START DATASET EXTRACT

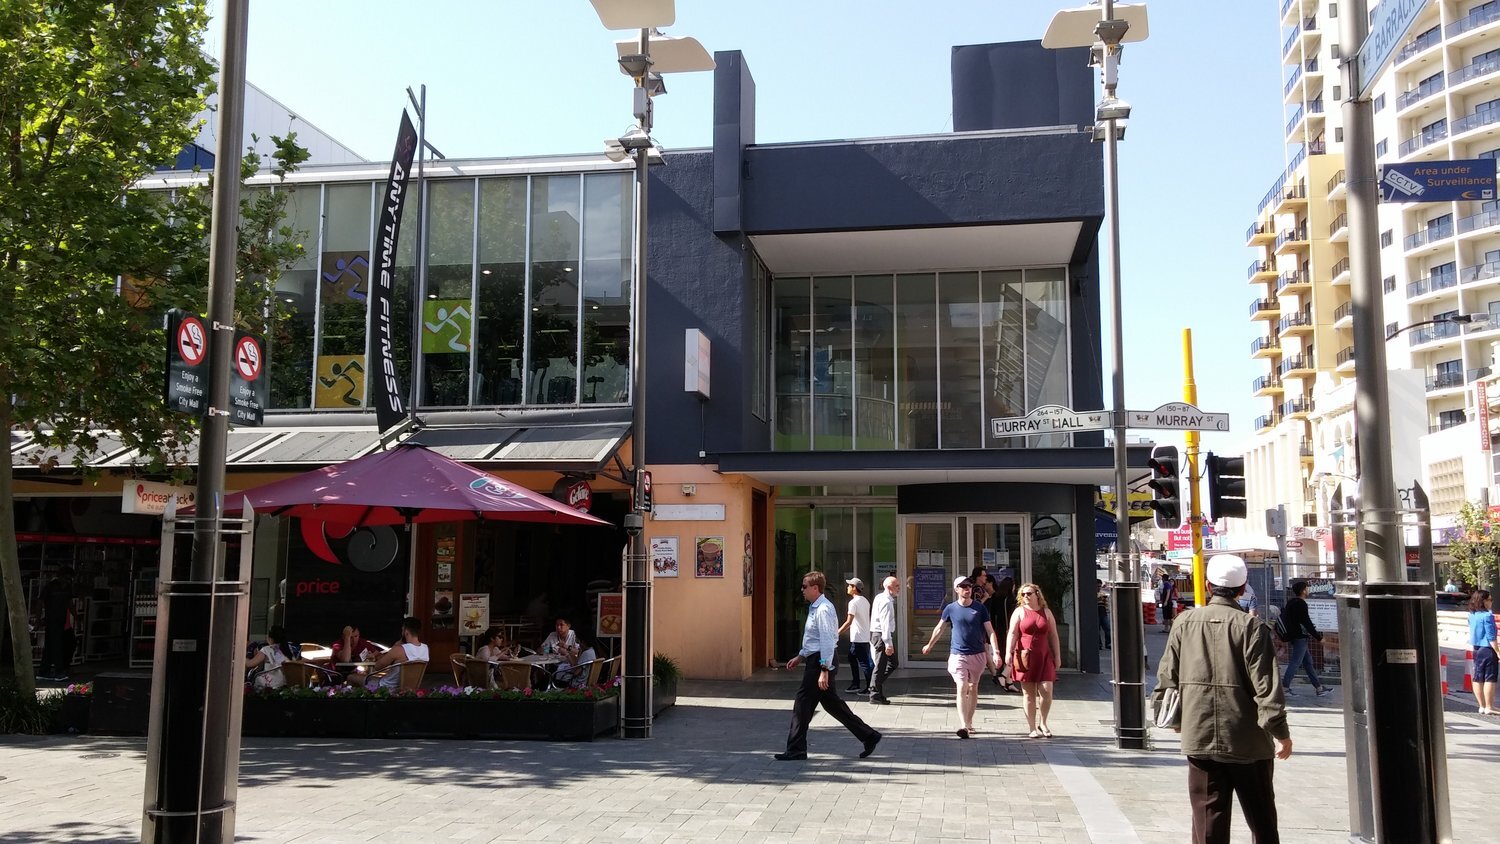  SITE OF FORMER EMPIRE BUILDINGS, MURRAY STREET, PERTH, 2015  Image owned by Museum of Perth 
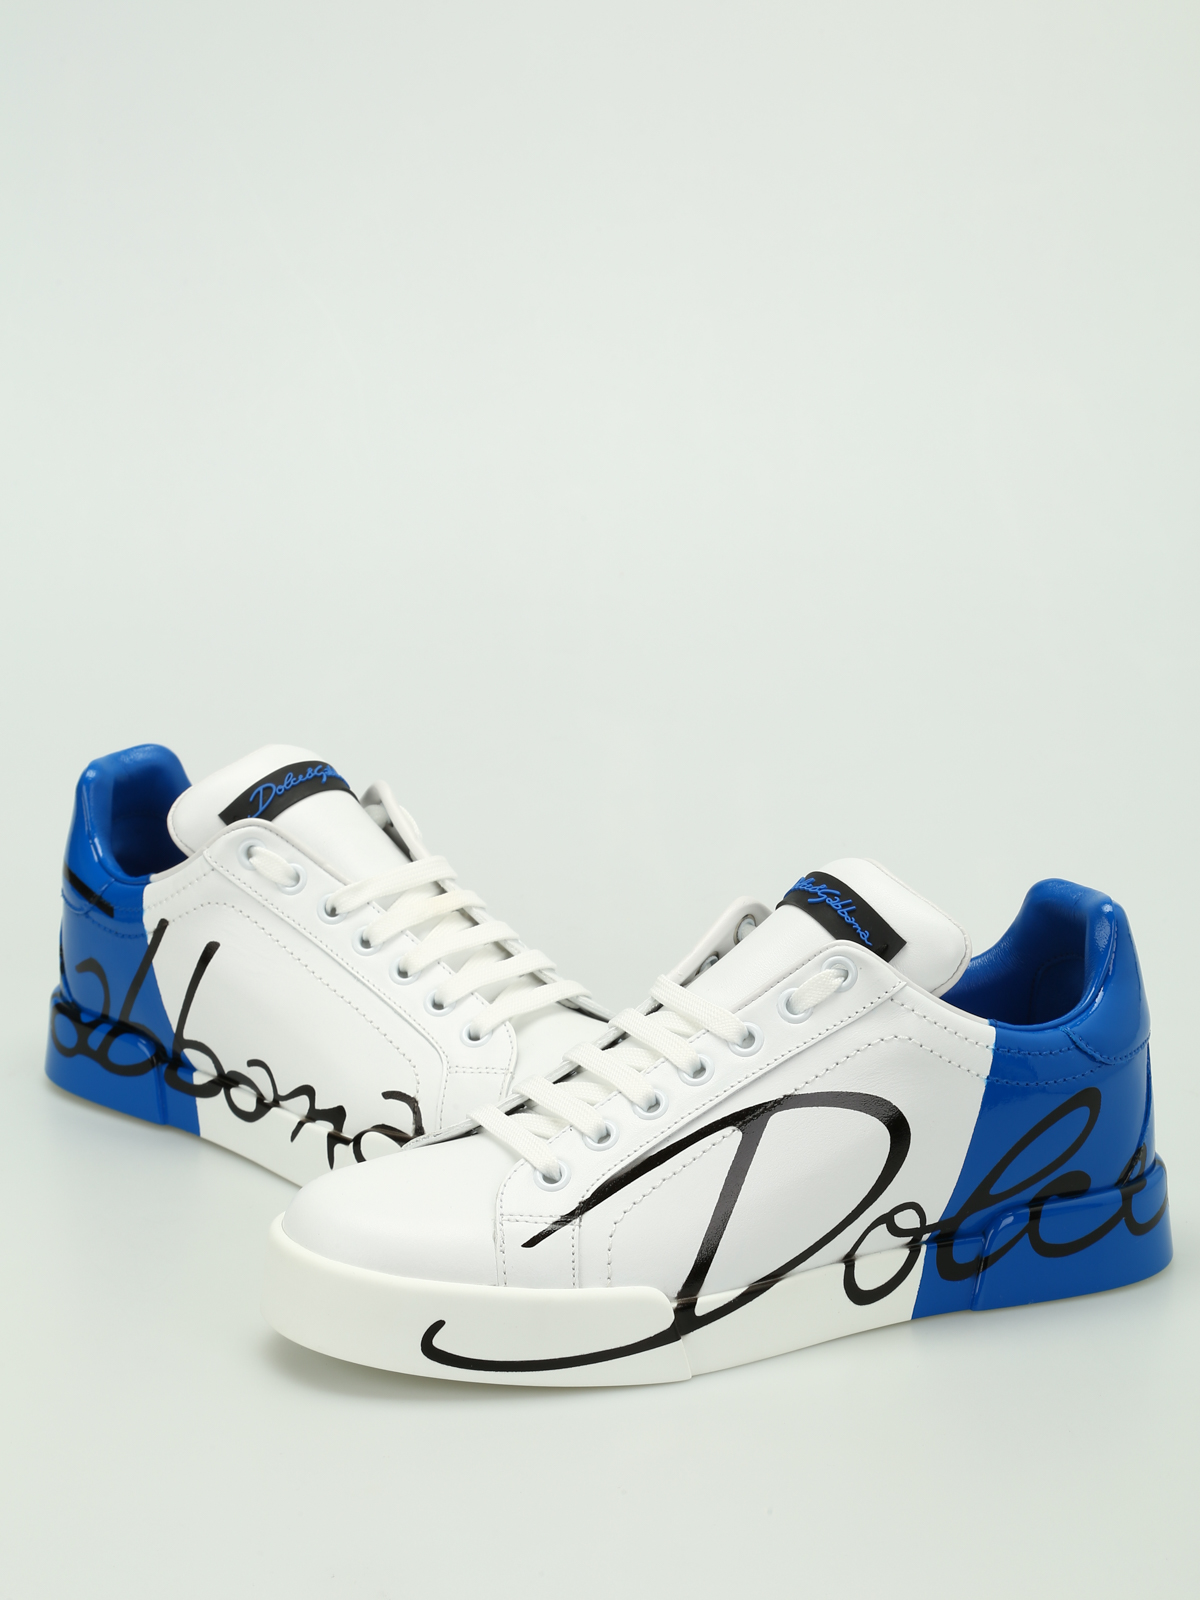 dolce and gabbana blue trainers
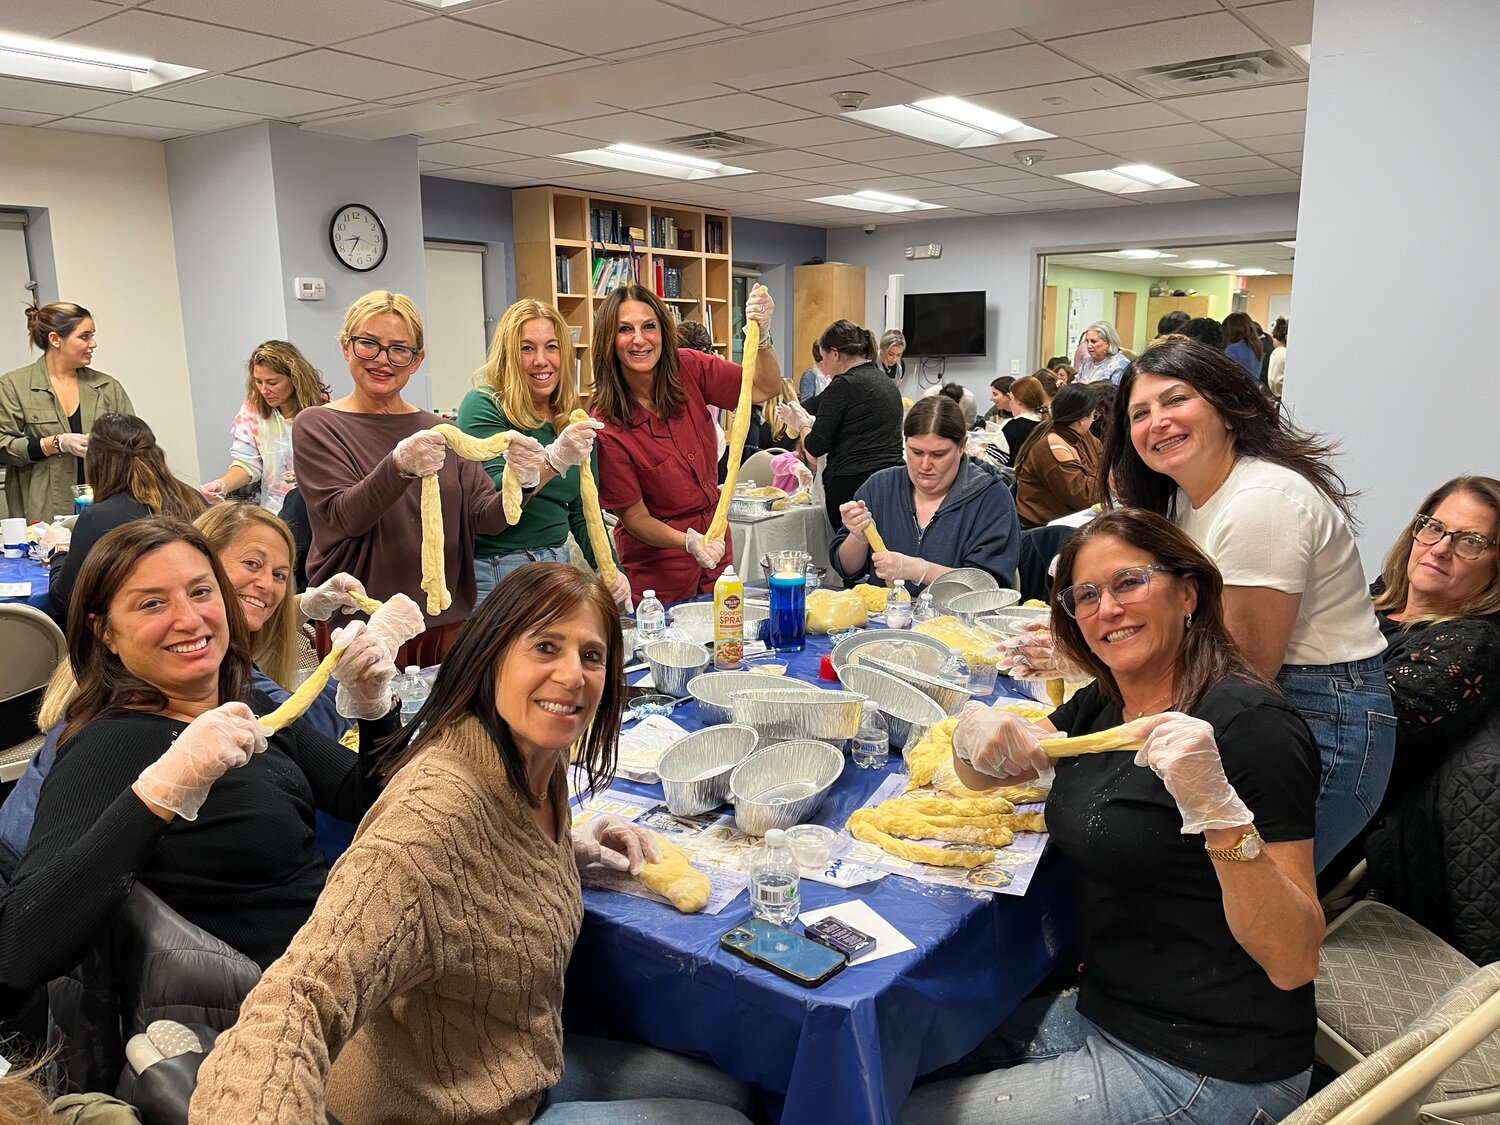 Shaping dough to make Challah is one of the many mitzvahs that Jewish women are performing to offer soiritual support for Israeli citizens.
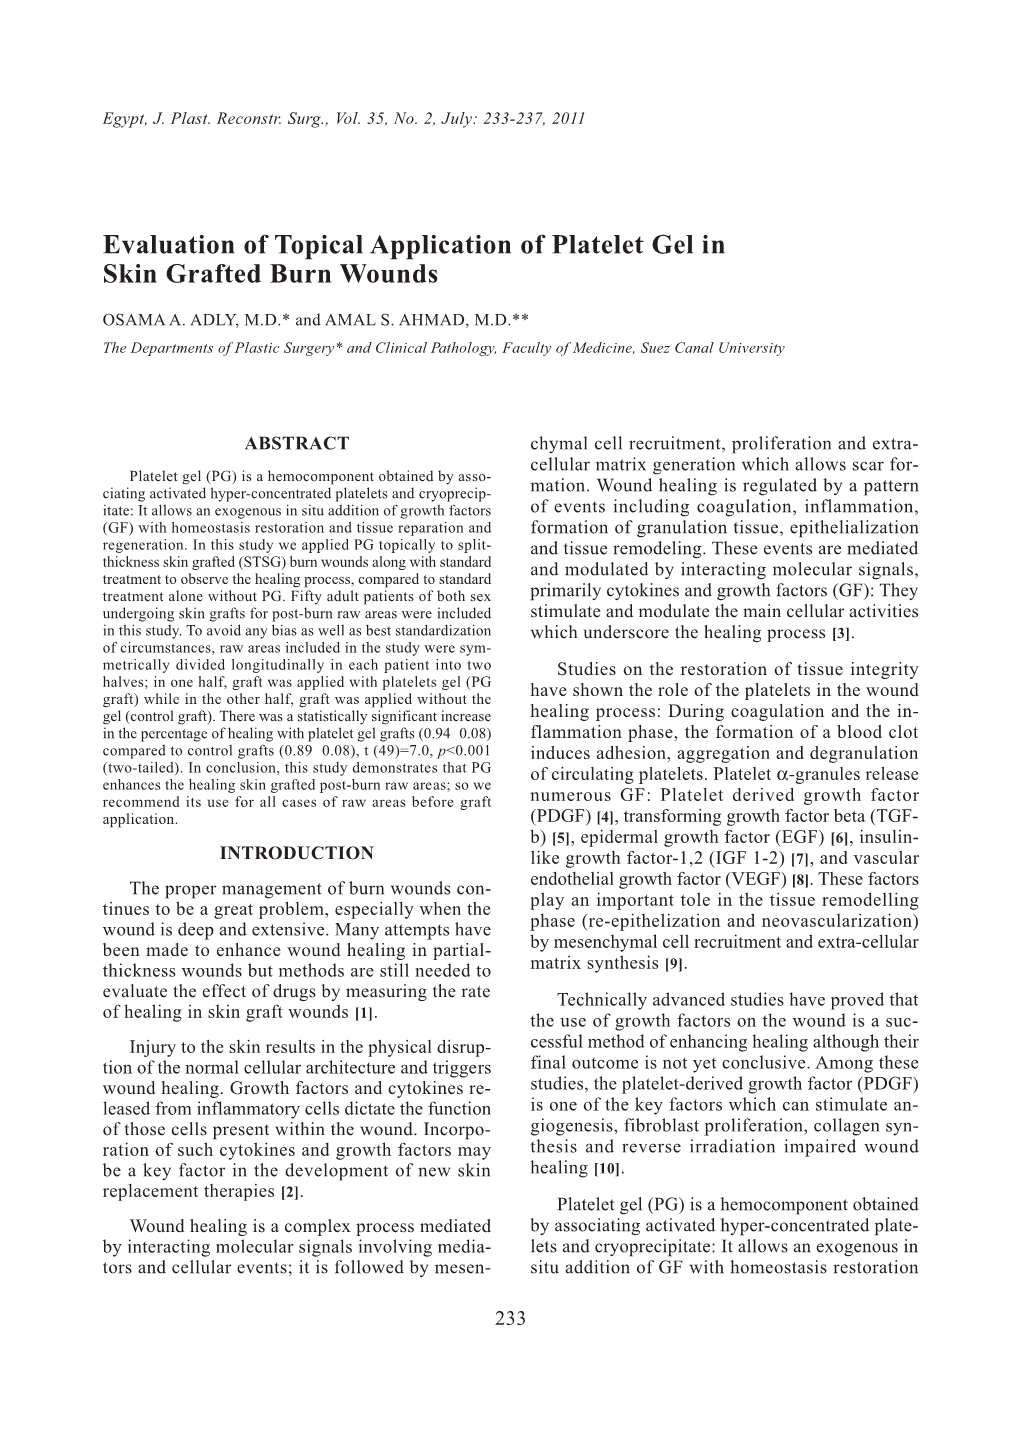 Evaluation of Topical Application of Platelet Gel in Skin Grafted Burn Wounds

END DATASET EXTRACT

» WHAT YOU ARE ASKED TO DO: Give the data above again exactly. Leave the pictures out.

» ANSWER TO THE PROBLEM:
  SITE OF FORMER EMPIRE BUILDINGS, MURRAY STREET, PERTH, 2015  Image owned by Museum of Perth 
 dolce and gabbana blue trainers
 Shaping dough to make Challah is one of the many mitzvahs that Jewish women are performing to offer soiritual support for Israeli citizens.
 Evaluation of Topical Application of Platelet Gel in Skin Grafted Burn Wounds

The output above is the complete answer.